Oh...I thought he meant is was a word or abreviation....I was thinking "lots of em pal", meaning lots of b**bs or something


----------



## MikeD99 (Nov 11, 2005)

"Hey, I paid nine dollars for this haircut!"


----------



## Alfer (Aug 7, 2003)

I loved the Eddie cameo..

_"That one's called two bean burritos and a root beer float..."_


----------



## Bierboy (Jun 12, 2004)

Alfer said:


> I loved the Eddie cameo..
> 
> _"That one's called two bean burritos and a root beer float..."_


I've "played" that song MANY a time.....


----------



## ibeme2 (Sep 23, 2009)

spell out the # from the vanity card


----------



## DevdogAZ (Apr 16, 2003)

ibeme2 said:


> spell out the # from the vanity card


Yeah, we're not that stupid. It's pretty obvious. Posts 4 and 5 acknowledged it. No reason to make a bigger deal of it than that.


----------



## Michelle5150 (Nov 16, 2004)

Alfer said:


> I loved the Eddie cameo..
> 
> _"That one's called two bean burritos and a root beer float..."_


Initially, I thought it might be a small dig at Dave's song, "_Hot Dog And A Shake_" but then I shook it off as just reading too much into a throwaway quip.

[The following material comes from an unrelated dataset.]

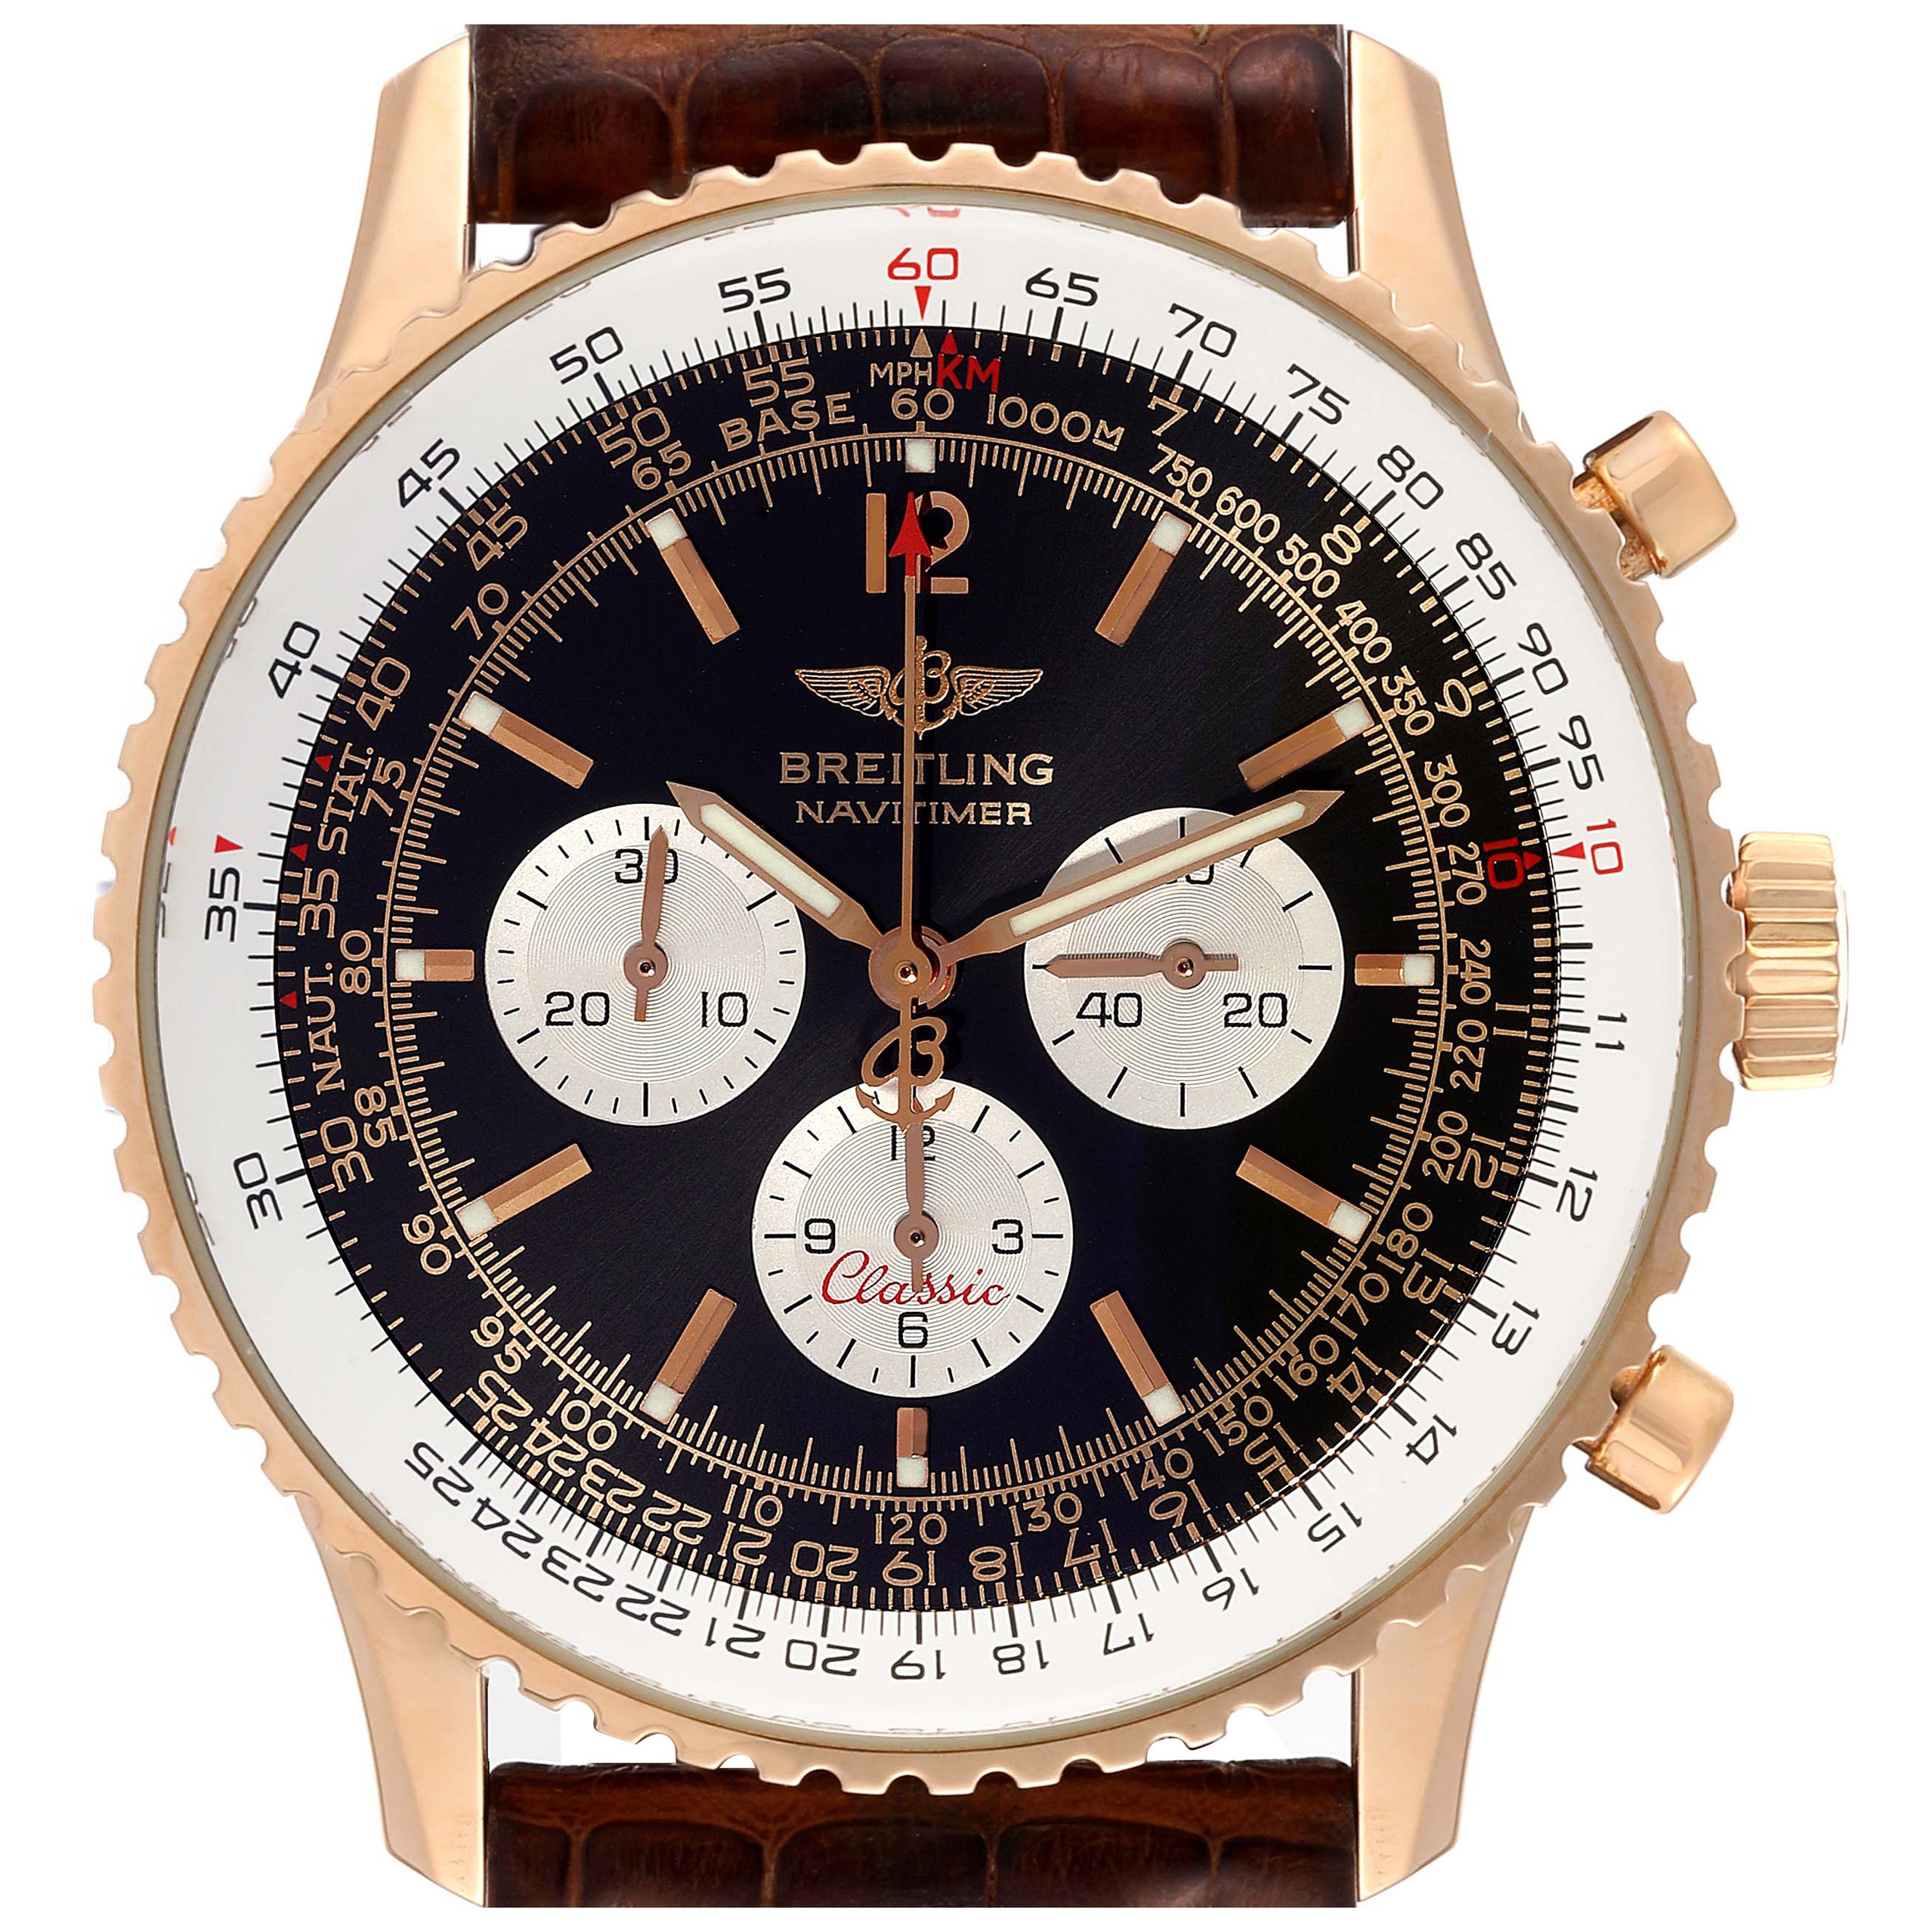 Breitling Navitimer Classic LE Rose Gold Mens Watch H30330 Box Papers For Sale

But Ed's looking, and playing great these days. :up:


----------



## pigonthewing (May 6, 2002)

DevdogAZ said:


> Yeah, we're not that stupid. It's pretty obvious. Posts 4 and 5 acknowledged it. No reason to make a bigger deal of it than that.


I don't get it.


----------



## mcb08 (Mar 10, 2006)

pigonthewing said:


> I don't get it.


382-5968.....Look up the letters on your phone.


----------



## pigonthewing (May 6, 2002)

mcb08 said:


> 382-5968.....Look up the letters on your phone.


TCRFVGC?! Huh?

I have a Treo. 

Seriously though, okay, I do get it now.


----------